Visual Neuroscience Group, School of Psychology, The University of Nottingham, Nottingham, UK.
Ophthalmic Physiol Opt. 2011 Nov;31(6):564-73. doi: 10.1111/j.1475-1313.2011.00873.x.
Amblyopia presents early in childhood and affects approximately 3% of western populations. The monocular visual acuity loss is conventionally treated during the 'critical periods' of visual development by occluding or penalising the fellow eye to encourage use of the amblyopic eye. Despite the measurable success of this approach in many children, substantial numbers of people still suffer with amblyopia later in life because either they were never diagnosed in childhood, did not respond to the original treatment, the amblyopia was only partially remediated, or their acuity loss returned after cessation of treatment.
In this review, we consider whether the visual deficits of this largely overlooked amblyopic group are amenable to conventional and innovative therapeutic interventions later in life, well beyond the age at which treatment is thought to be effective.
There is a considerable body of evidence that residual plasticity is present in the adult visual brain and this can be harnessed to improve function in adults with amblyopia. Perceptual training protocols have been developed to optimise visual gains in this clinical population. Results thus far are extremely encouraging; marked visual improvements have been demonstrated, the perceptual benefits transfer to new visual tasks and appear to be relatively enduring. The essential ingredients of perceptual training protocols are being incorporated into video game formats, facilitating home-based interventions.

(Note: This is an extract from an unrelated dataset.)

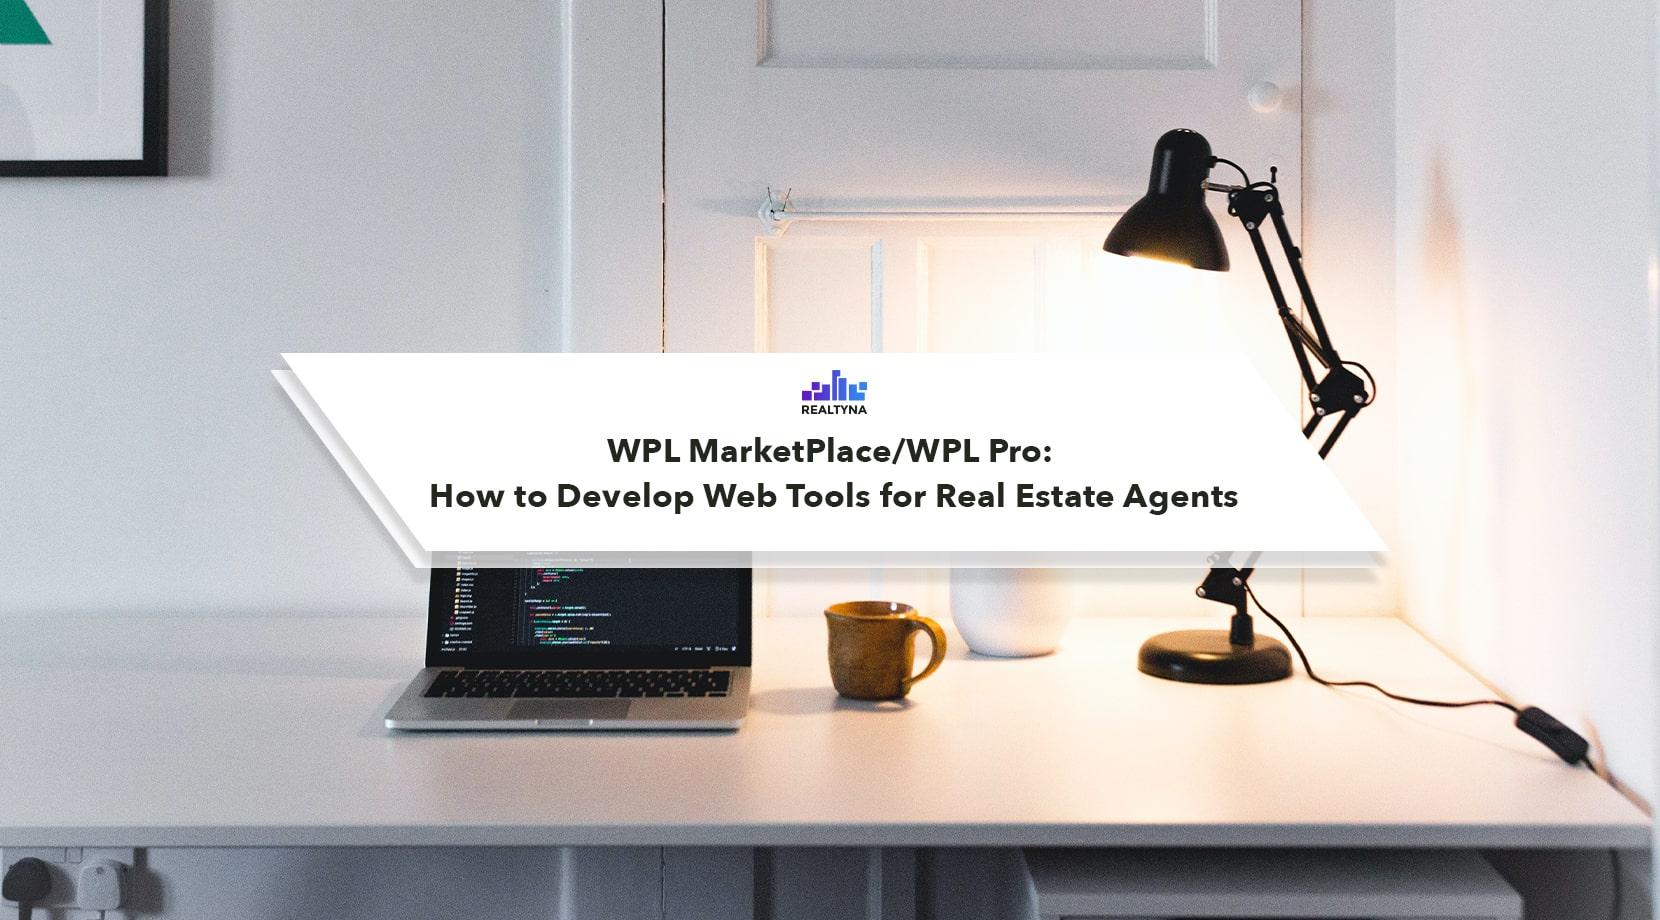 WPL MarketPlace

Many studies support perceptual training as a tool for improving vision in amblyopes beyond the critical period. Should this novel form of treatment stand up to the scrutiny of a randomised controlled trial, clinicians may need to re-evaluate their therapeutic approach to adults with amblyopia.

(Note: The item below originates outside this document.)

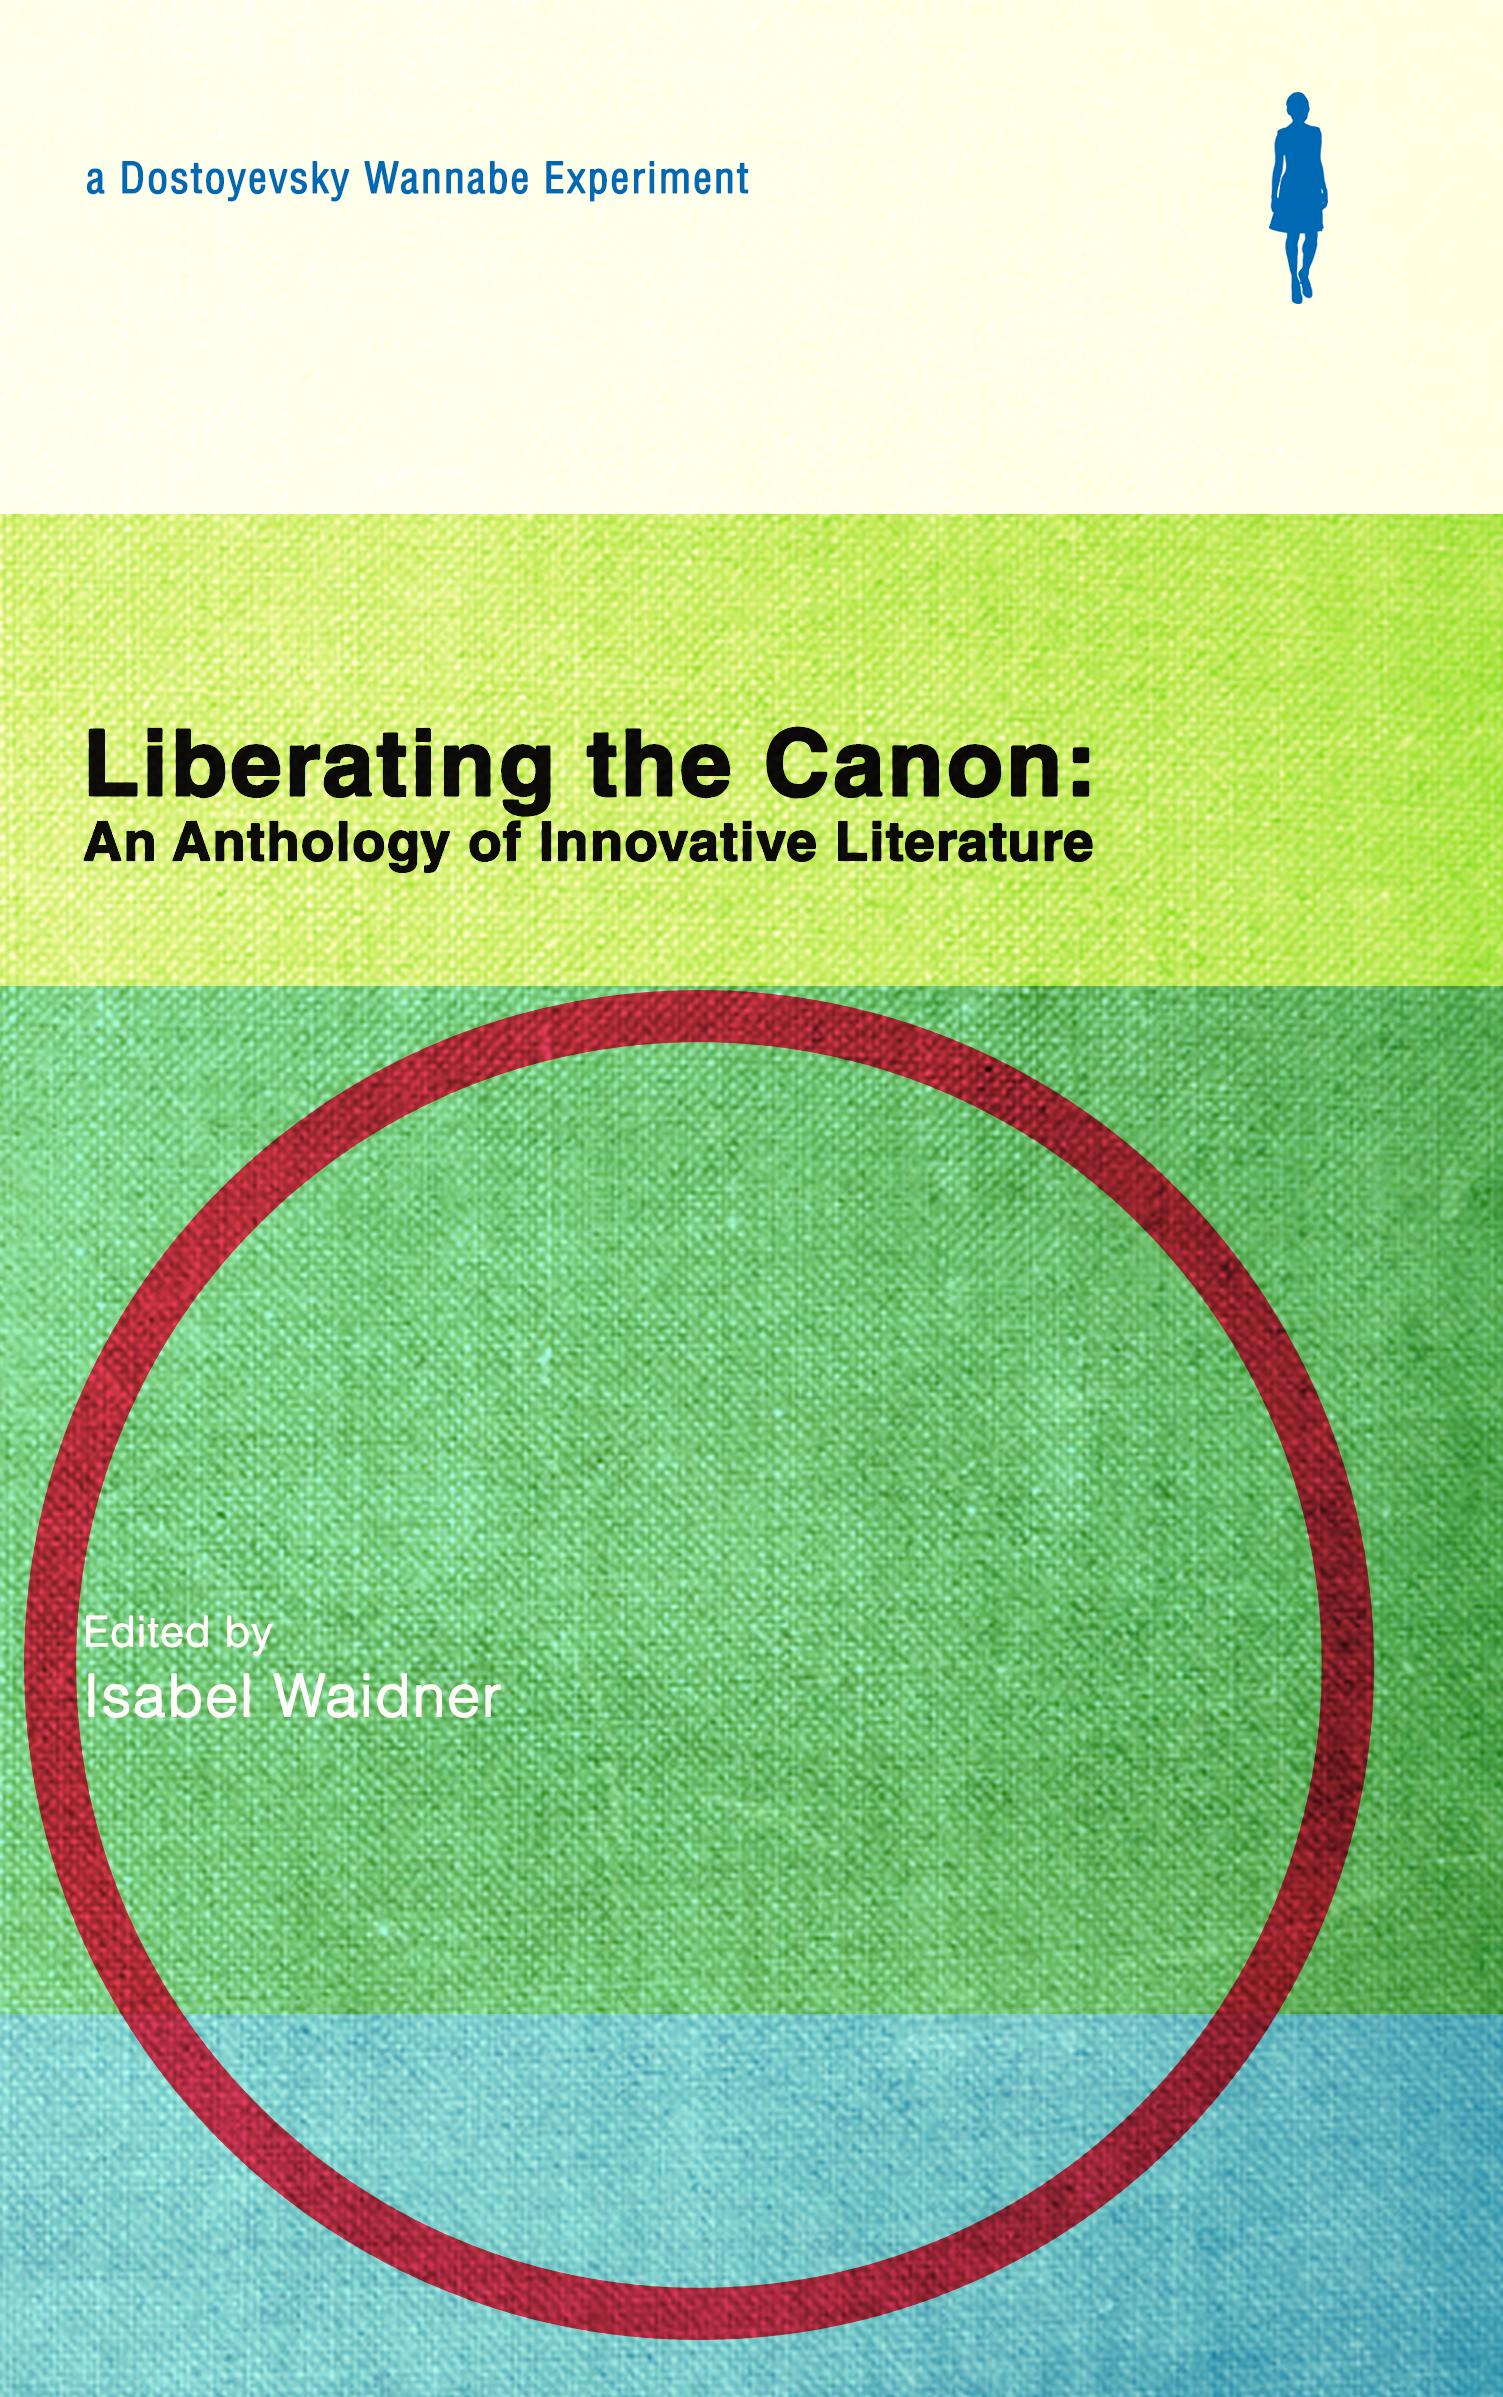 liberating_the_canon.jpg

弱视在儿童早期出现,影响大约 3%的西方人群。传统上,通过遮盖或惩罚对侧眼来促进弱视眼的使用,以治疗单眼视力丧失,这种方法在儿童视觉发育期的“关键期”内取得了可观的效果。然而,尽管许多孩子都取得了可衡量的成功,但仍有相当数量的人在以后的生活中仍患有弱视,原因可能是他们在儿童时期从未被诊断出患有弱视,对最初的治疗没有反应,弱视只是部分得到纠正,或者在治疗停止后视力丧失又复发。
在这篇综述中,我们考虑了这一大部分被忽视的弱视群体的视觉缺陷是否可以通过传统和创新的治疗干预来治疗,这些治疗干预的时间远远超过了治疗被认为有效的年龄。
大量证据表明,成人视觉大脑中存在相当大的可塑性,这可以被利用来改善弱视成年人的功能。已经开发出了感知训练方案来优化这一临床人群的视觉效果。迄今为止,结果令人非常鼓舞;已经证明了显著的视觉改善,感知益处可以转移到新的视觉任务上,并且似乎相对持久。感知训练方案的基本要素正在被整合到视频游戏格式中,促进了家庭干预。
许多研究支持在关键期后通过感知训练来改善弱视患者的视力,这种新的治疗方法如果经得起随机对照试验的严格审查,临床医生可能需要重新评估他们对弱视成年人的治疗方法。